◆ **Records shown**:
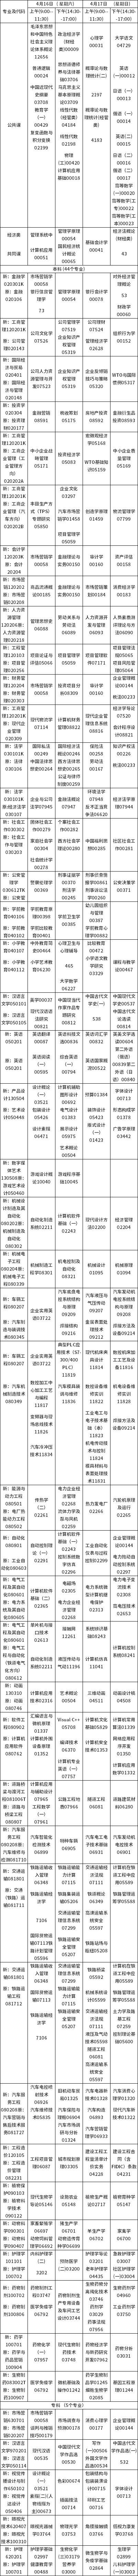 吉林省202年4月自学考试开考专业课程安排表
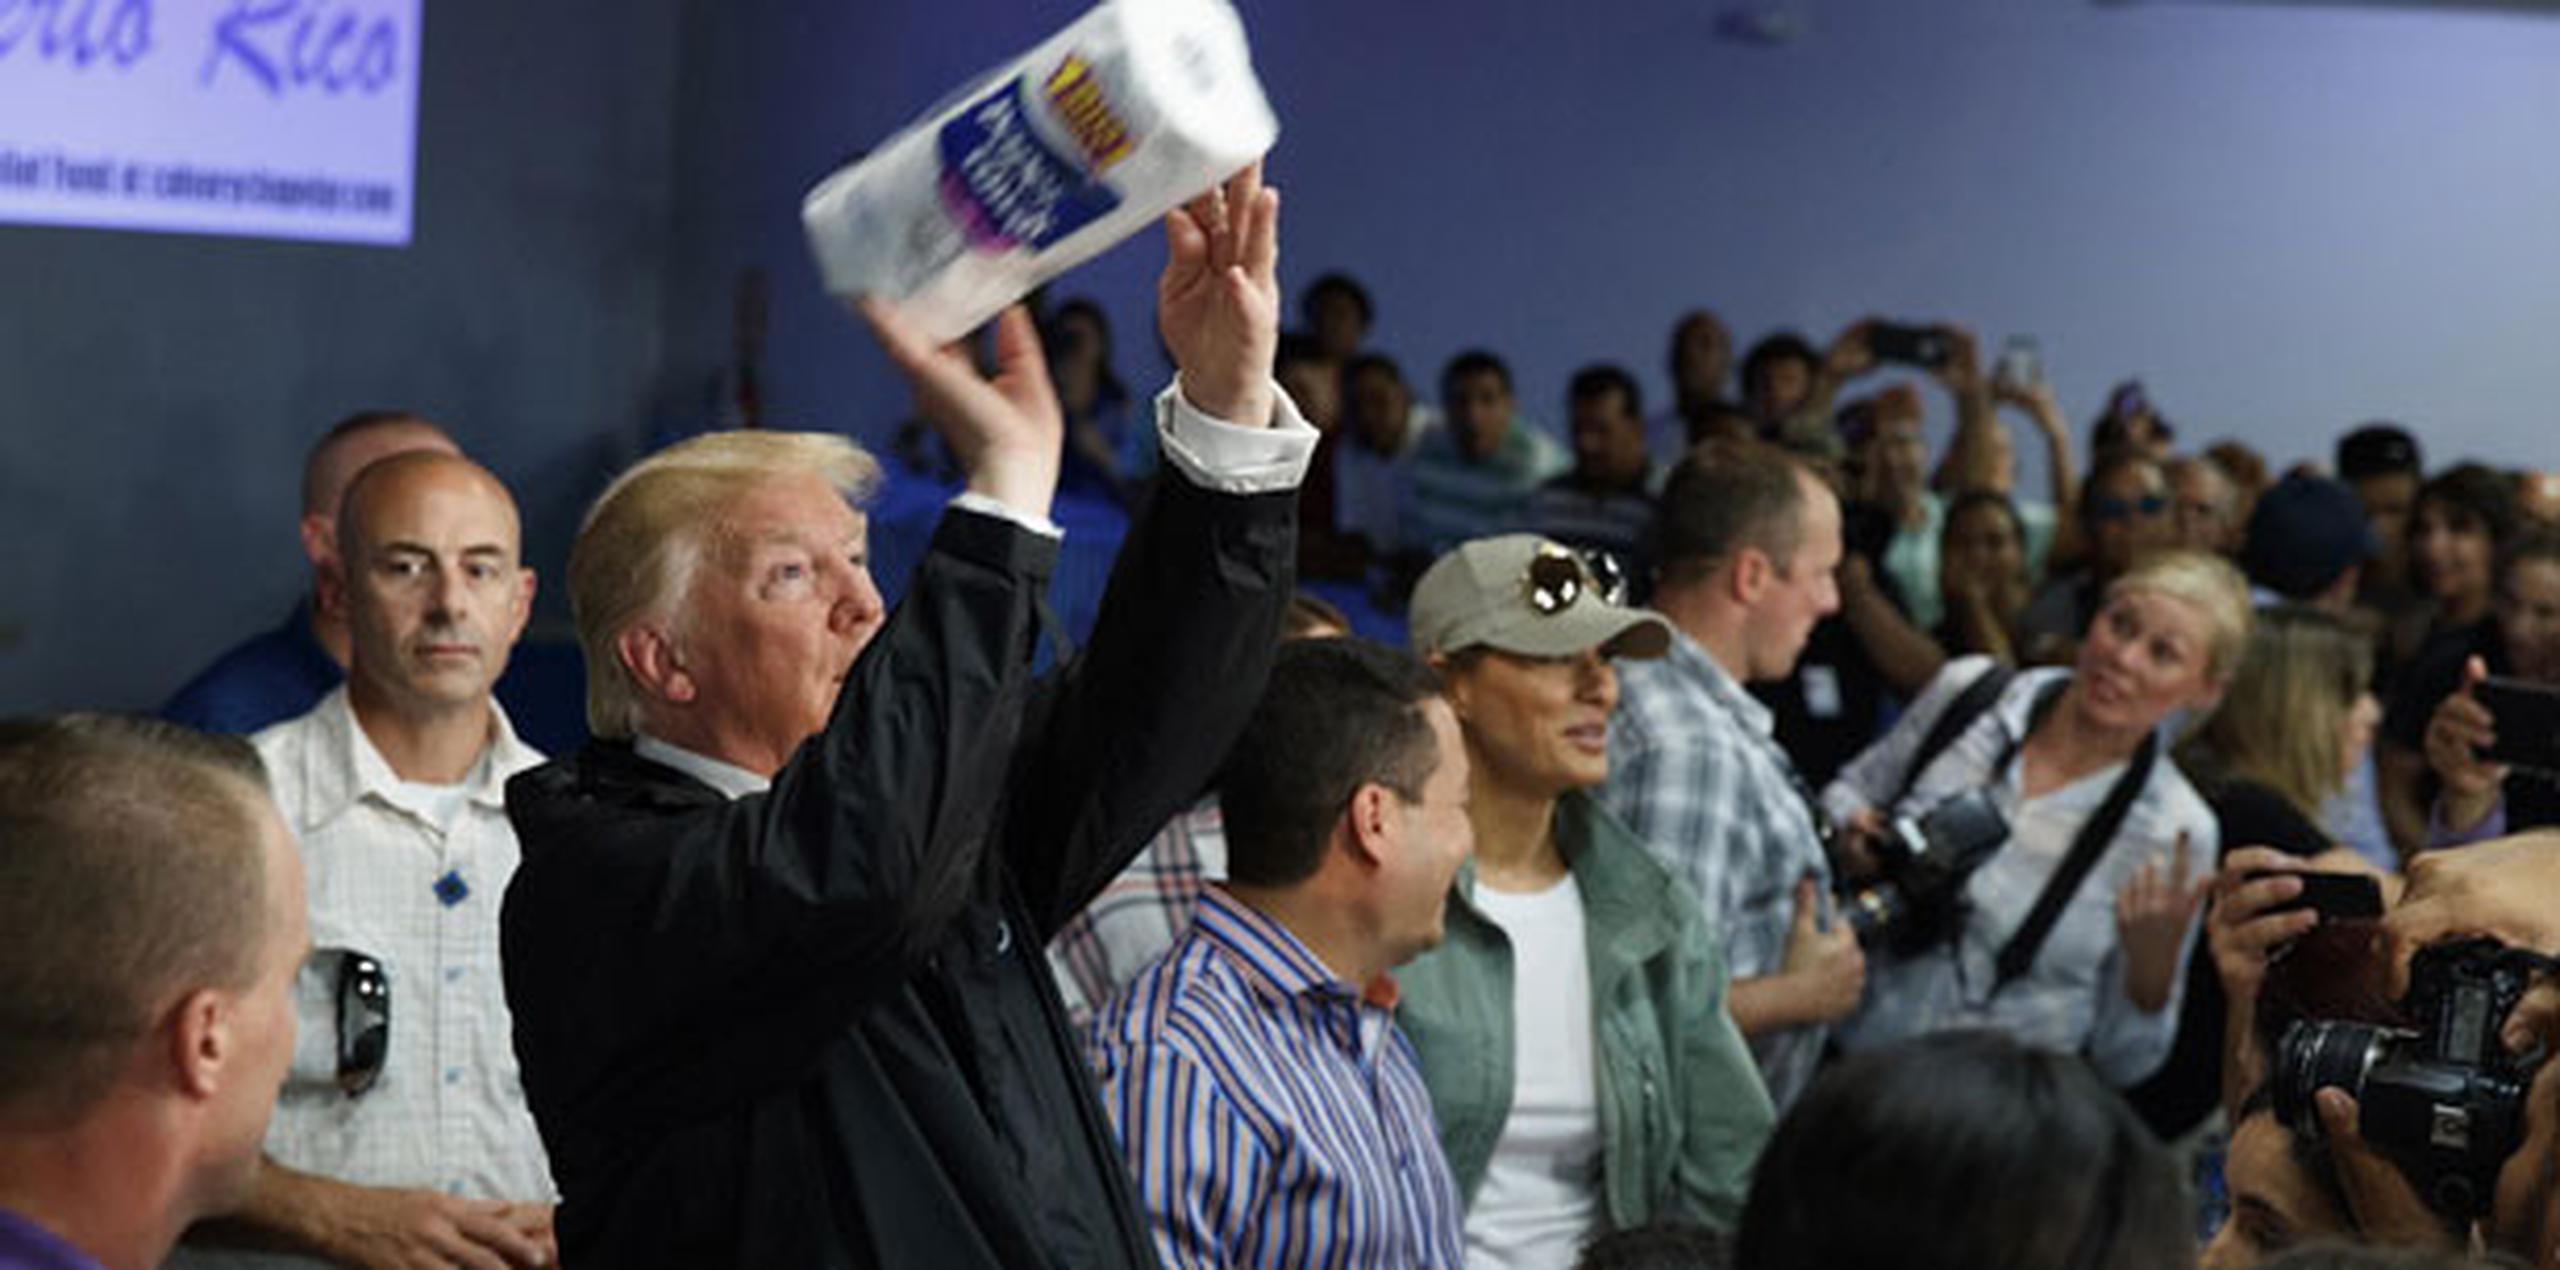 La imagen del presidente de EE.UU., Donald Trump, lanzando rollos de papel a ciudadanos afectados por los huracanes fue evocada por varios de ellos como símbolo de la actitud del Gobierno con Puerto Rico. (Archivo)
...
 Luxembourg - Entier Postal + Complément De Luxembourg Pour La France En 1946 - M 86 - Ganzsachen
--
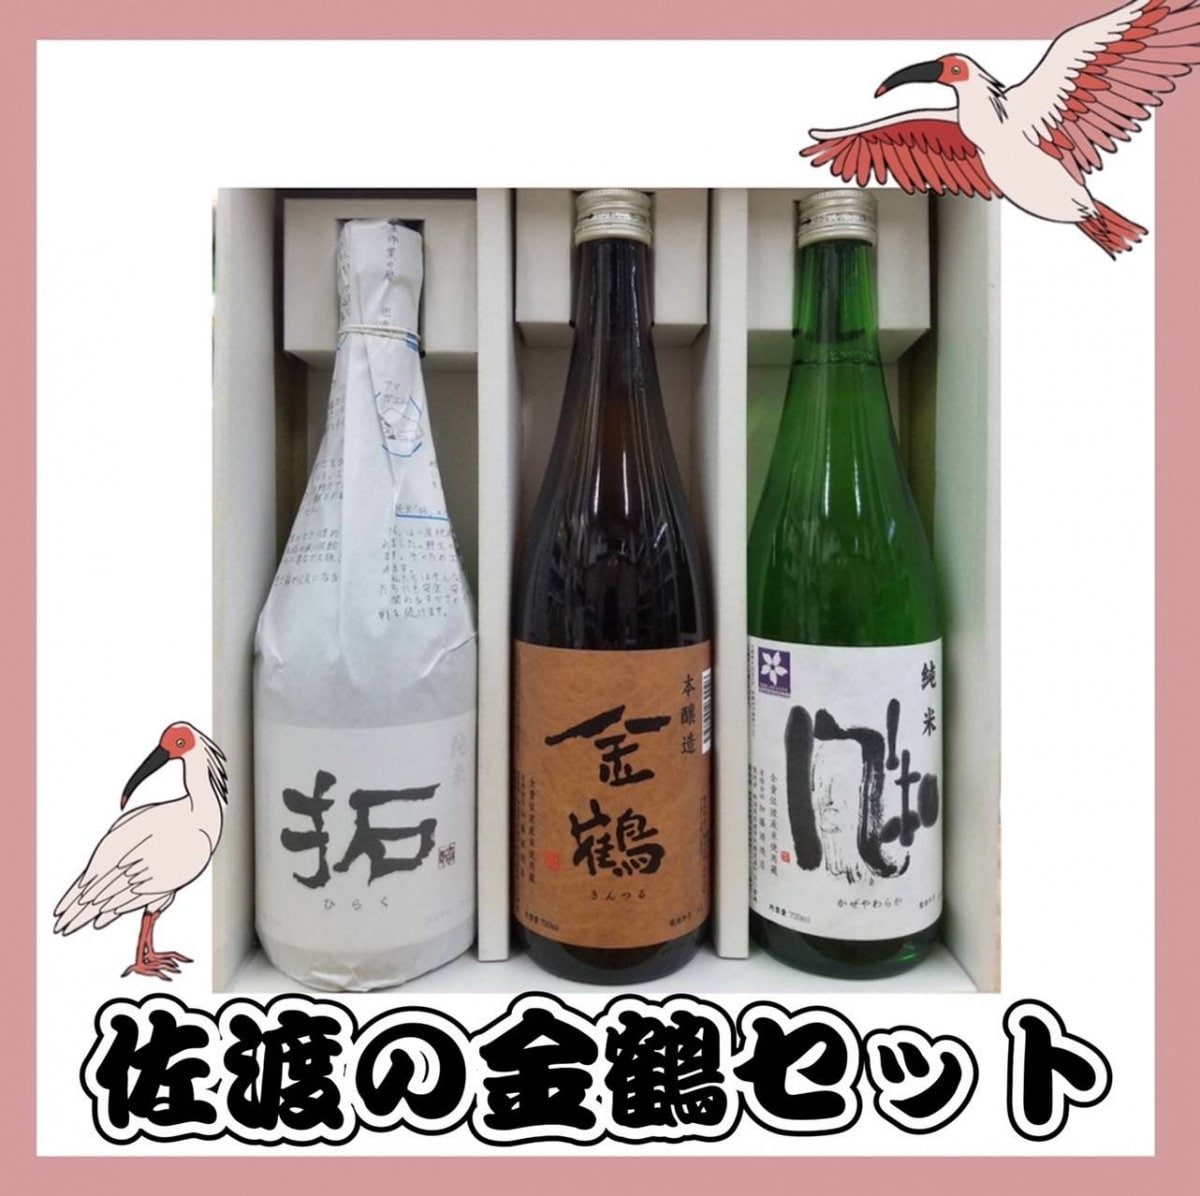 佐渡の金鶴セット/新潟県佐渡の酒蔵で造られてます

◆ **Problem description**:
Start with the line with "吉林省202年4月自学考试开考专业课程安排表" in the listing above and stop after the line with "La imagen del". Write out exactly the lines in that stretch and no others, without pictures.

◆ **Solution for this task**:
 吉林省202年4月自学考试开考专业课程安排表
 La imagen del presidente de EE.UU., Donald Trump, lanzando rollos de papel a ciudadanos afectados por los huracanes fue evocada por varios de ellos como símbolo de la actitud del Gobierno con Puerto Rico. (Archivo)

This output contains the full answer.